Elle dit, Finalement,une vie, c’est pas grand chose.
Ta gueule, il pense. Ou alors ouvre les yeux. Les oreilles. Les narines. Sors de ton « moi je ».
Elle raconte. Ces dernières années qui ne sauraient résumer toutes celles d’avant. L’âpreté du vieillir. La solitude qui peu à peu rend âcre et morose quand au mieux tout va bien.
Il pense, alors ne résume pas. Justement. Ne résume pas. Au contraire : élargit ton champ, et le mien. Cueille l’horizon : il ne fait pas nuit.
Elle évoque. Quelques unes de ces années d’avant. Pas celles de l’autre. Non, les siennes. Ses souvenirs à elle. Grâce à la personne de la vie qui n’est pas grand chose.
Ben alors, faut savoir, il pense. C’est beaucoup, déjà, ce que tu racontes.
Plus encore si l’on songe à l’époque à laquelle cela s’est passé. C’était couillu.
Et encore plus si l’on pense que des enfants comme toi, à l’époque, puis les années suivantes, la vie qui ne vaut pas grand chose en a accueilli comme toi trente, quarante, cinquante.
Elle continue de parler.

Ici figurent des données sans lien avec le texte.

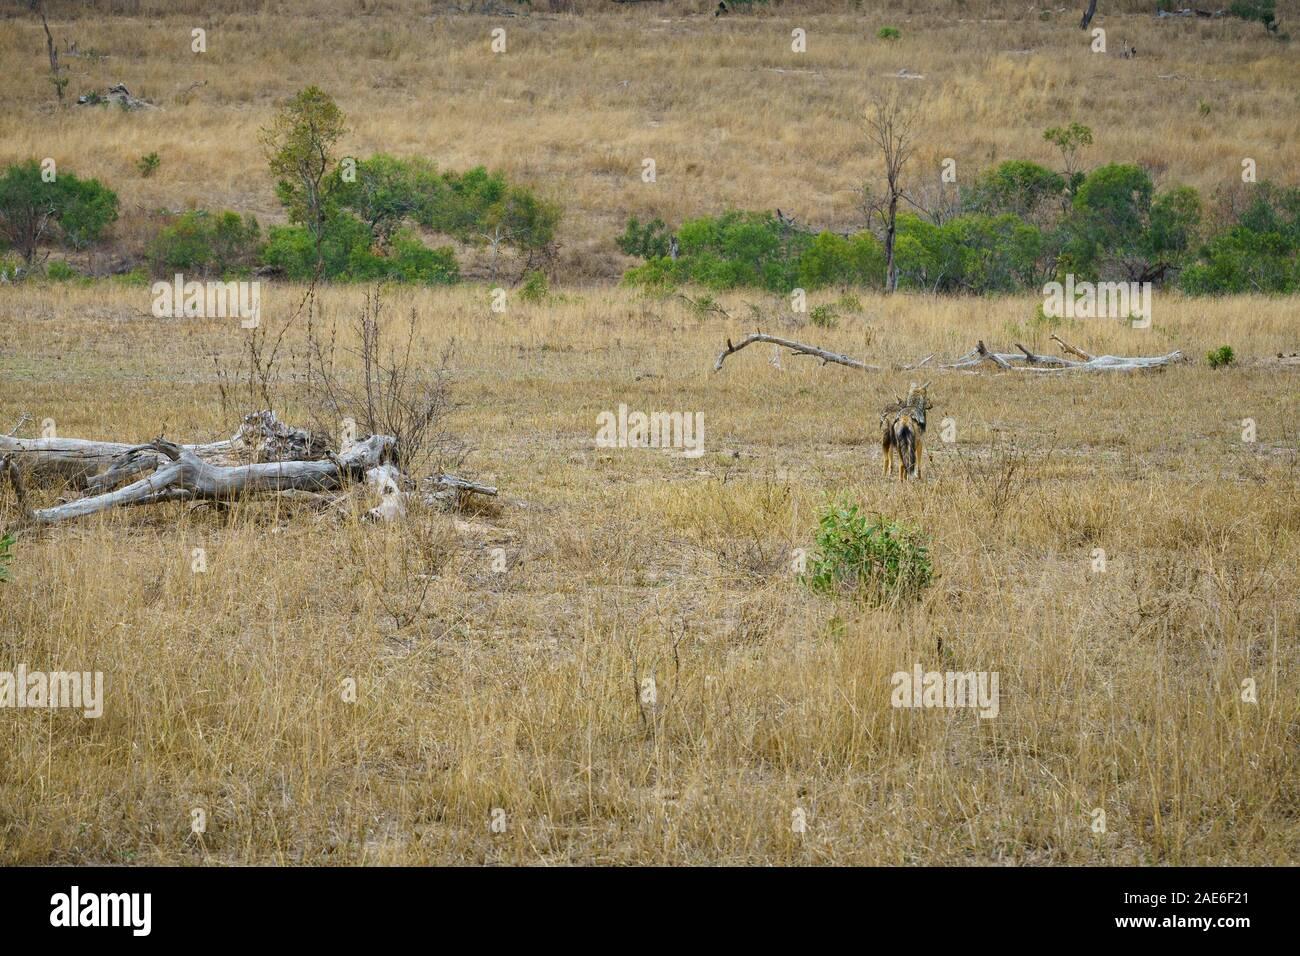 Wild sciacalli nel parco nazionale di Kruger a Mpumalanga in Sudafrica Foto Stock

Partie dans ses méandres.
Il est surpris, encore et toujours ; que l’on puisse ainsi dire des choses qui expriment l’exact contraire de ce qui est en train d’être dit. Comme si les mots devaient tromper leur monde. Par inadvertance. Ou par effraction. Bandits de petits chemins. Ces vieux poncifs sont si essorés qui ressemblent à des pantins de poussière.
C’est un samedi d’hiver en presque février en Lorraine.

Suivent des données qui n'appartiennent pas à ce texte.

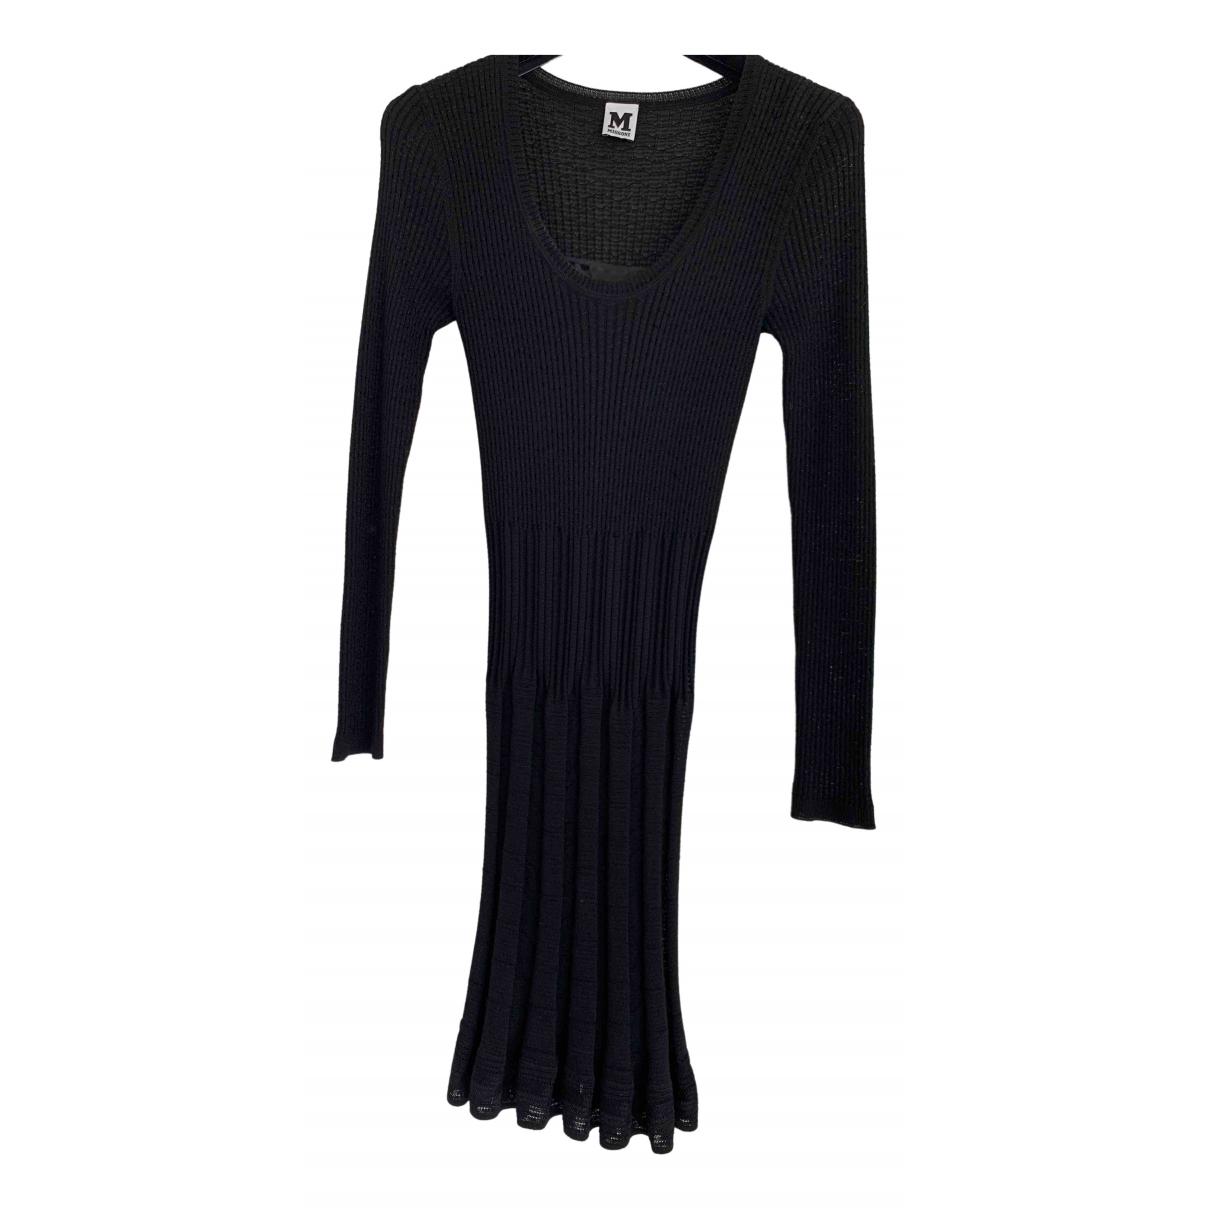 M Missoni N Black Wool dress for Women 44 IT

Ciel bas et ciel blanc. Vent. Il fait froid.
60, 70 personnes sont venues. Habiter un peu le silence qui a pris la poudre d’escampette. Prendre de la seule chaleur qui vaut : celles des femmes et des hommes qui donnent, partagent, reçoivent, écoutent, pleurent, serrent les doigts, lisent quelques mots. Pour rappeler comme chaque vie, chaque vie, est unique dans son coin de territoire et comme chacune, chacun essaime à sa mesure.
C’est beaucoup, une vie.
Oui c’est beaucoup une vie mais je comprends qu’on puisse penser et dire que se n’est pas grand chose. Comme je comprends qu’on puisse dire une phrase et son contraire, je pense que je fais ça moi quand je ne fais pas bien, que je suis toute embrouillée dans mes angoisses comme qd je ne sors pas de mon moi je , c’est la même chose. Et je comprends aussi le « ta gueule' » que je pense, qu’on peut aussi avoir envie de me dire quand mes, les narines sont fermées, les yeux et surtout mon cœur. Joli texte très parlant.